WHAT IS REQUIRED:
Would you repeat the data below exactly, taking out the images?

======== SUPPLIED MATERIAL ========

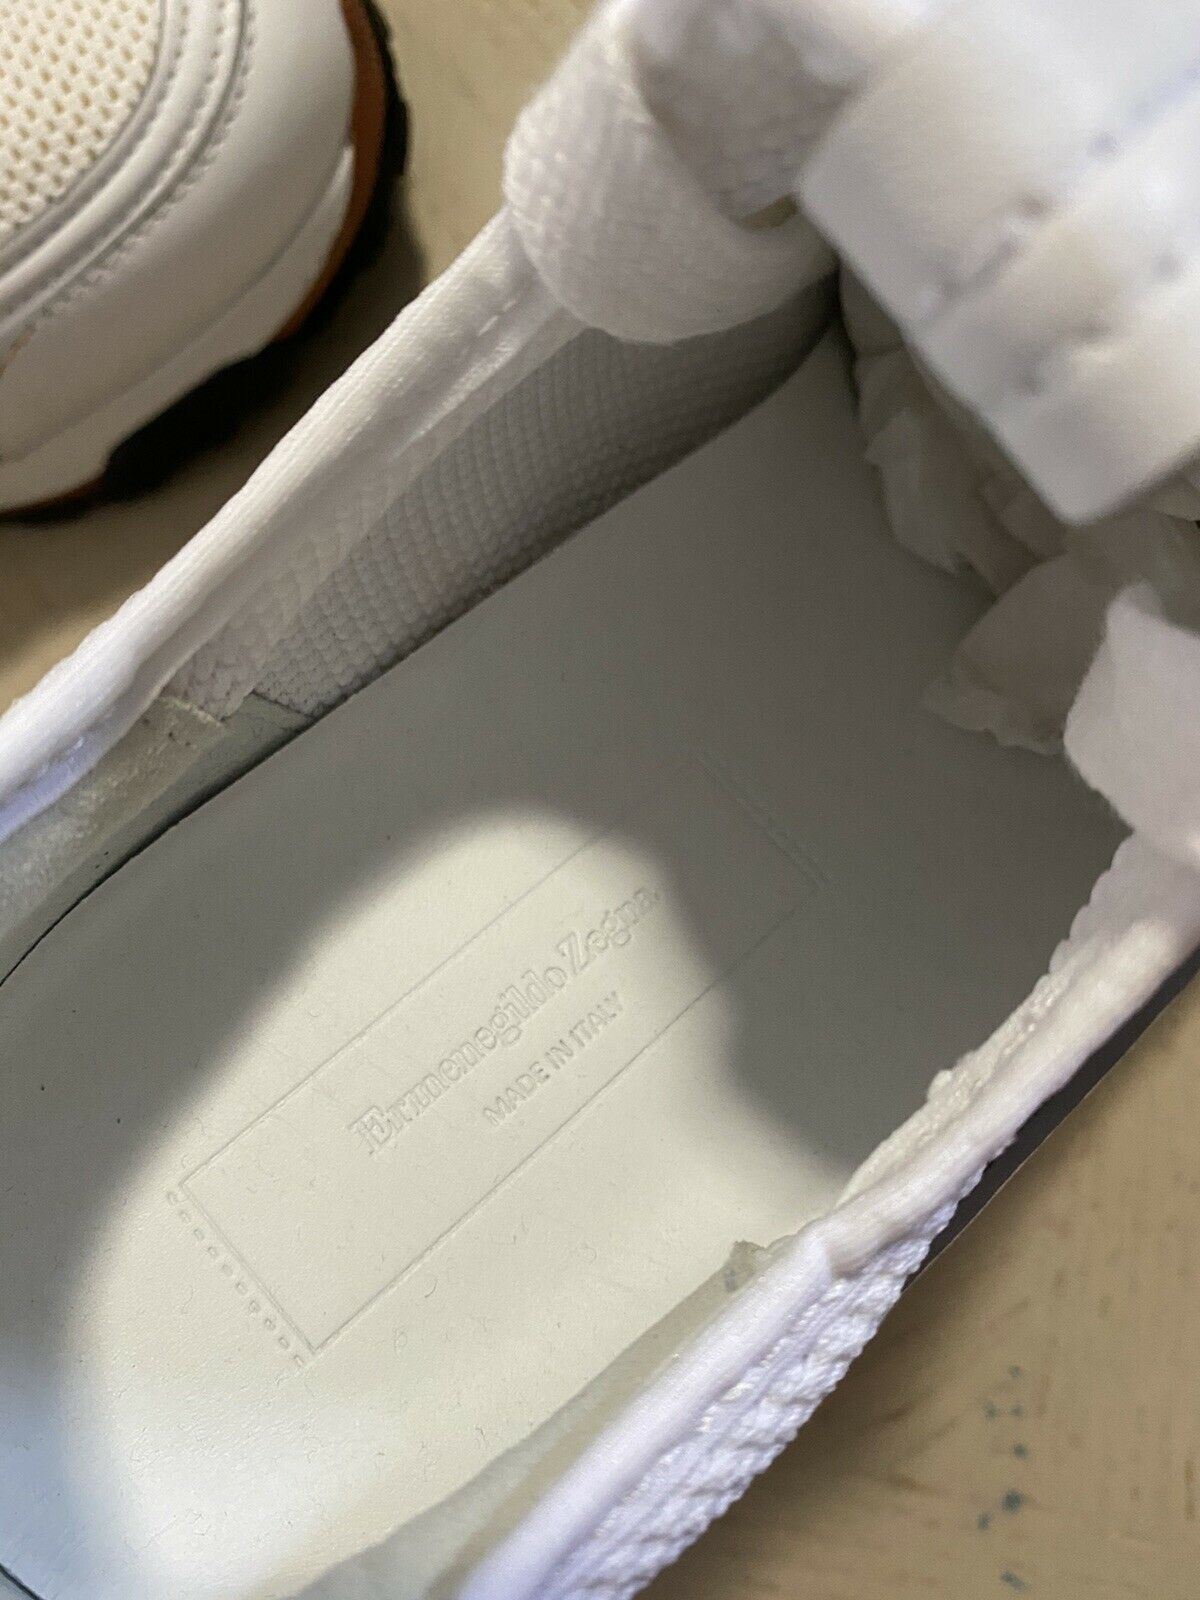 Neue 775 $ Ermenegildo Zegna Leder-Sneakers Schuhe Weiß 10,5 US Italien
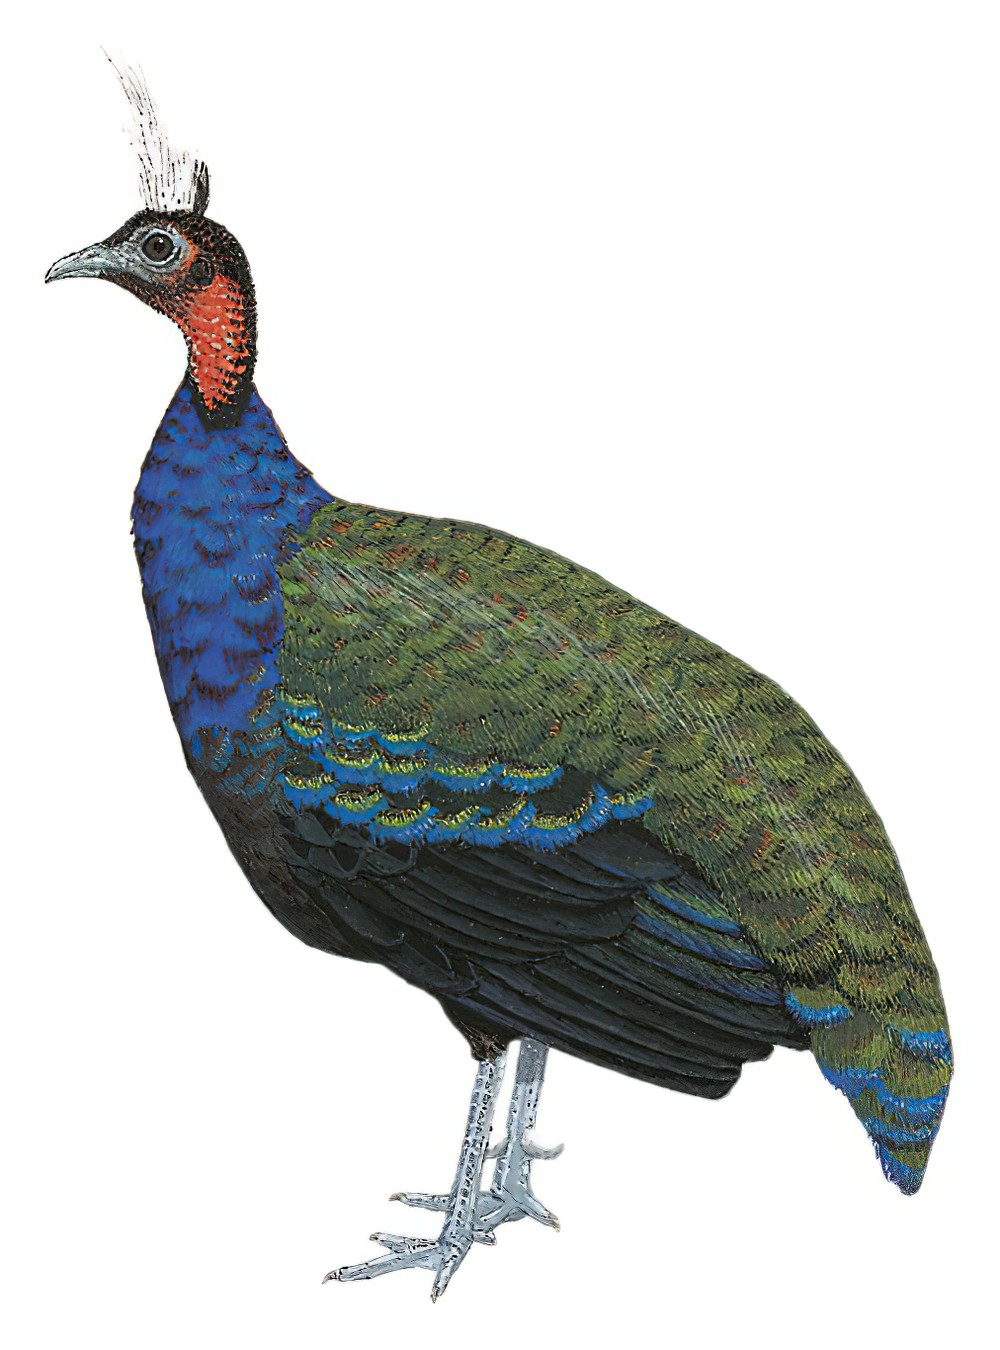 Congo Peacock / Afropavo congensis
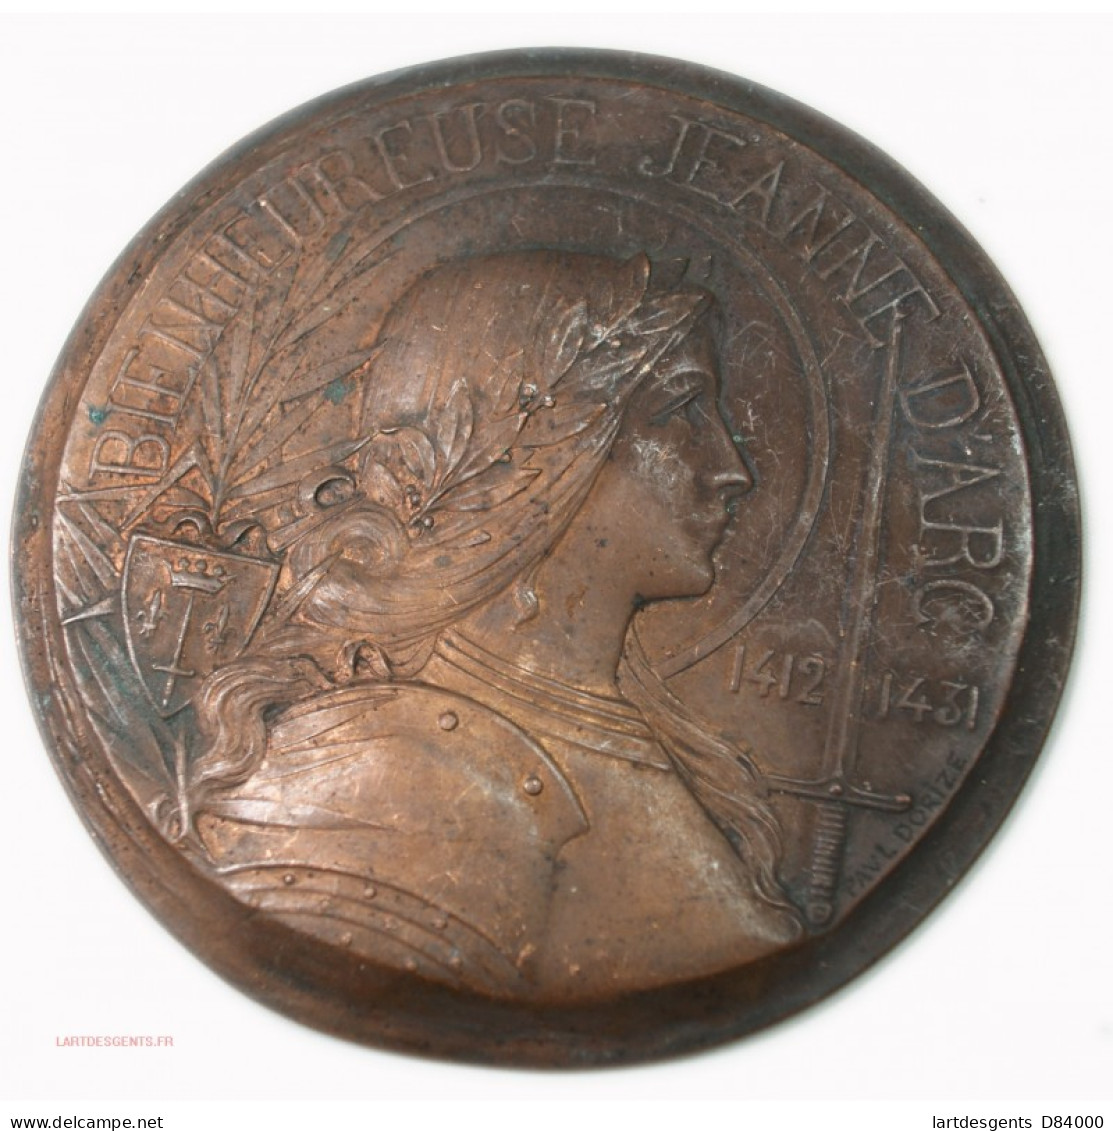 Rare Médaille Uniface Bienheureuse Jeanne D'Arc 1412-1431 Par Paul DORIZE - Royal / Of Nobility
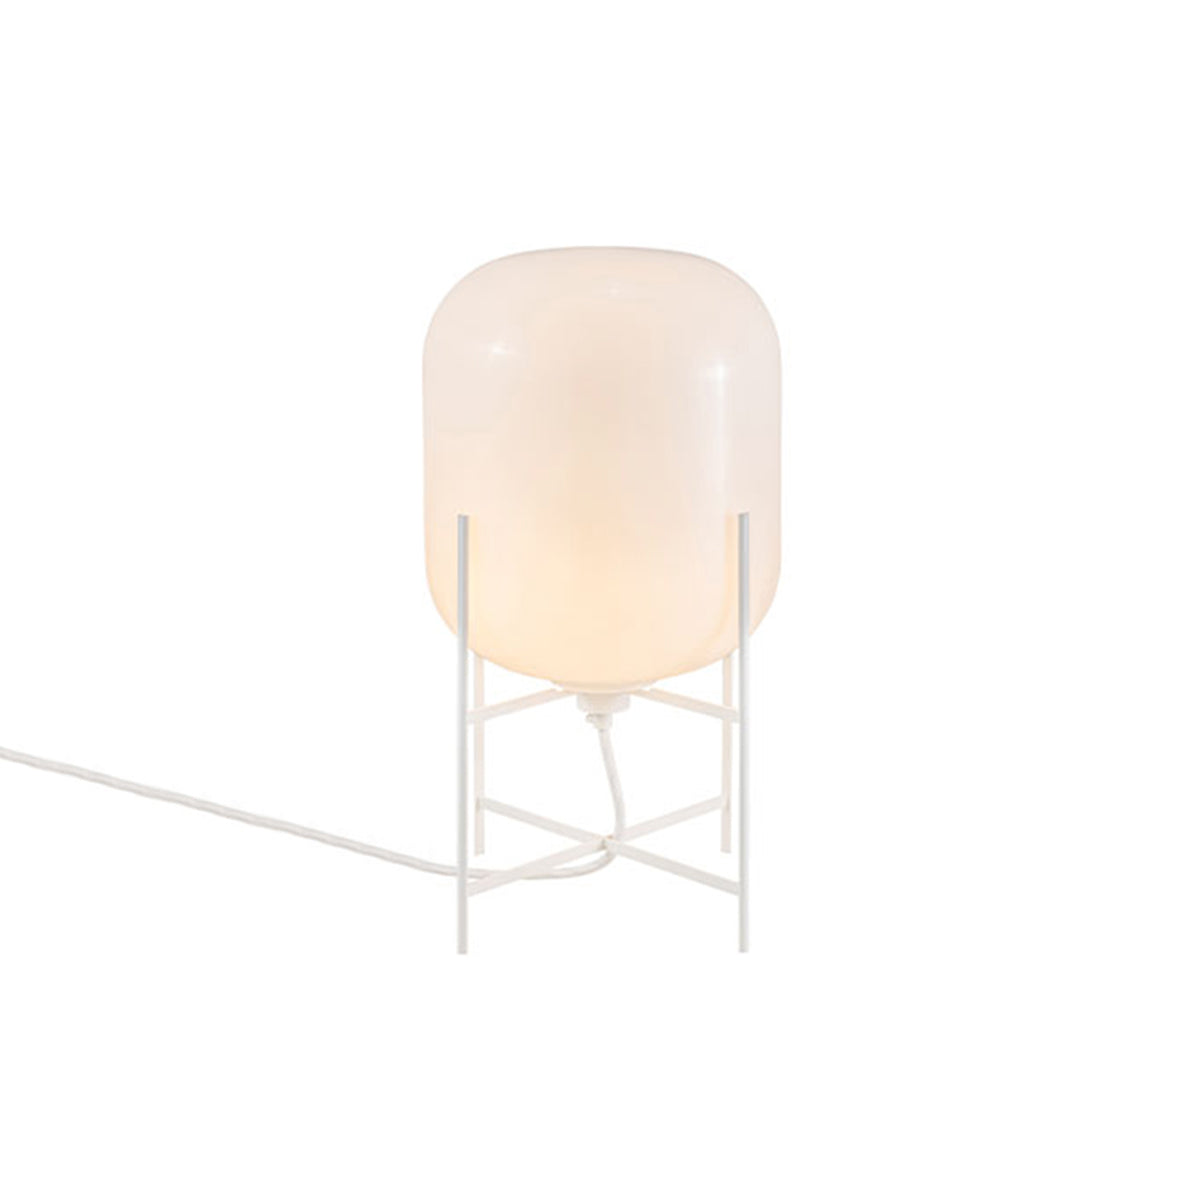 Oda Table Lamp: White + White

========

THE COMPLETED TASK:
 Neue 775 $ Ermenegildo Zegna Leder-Sneakers Schuhe Weiß 10,5 US Italien
 Congo Peacock / Afropavo congensis
 Rare Médaille Uniface Bienheureuse Jeanne D'Arc 1412-1431 Par Paul DORIZE - Royal / Of Nobility
 Oda Table Lamp: White + White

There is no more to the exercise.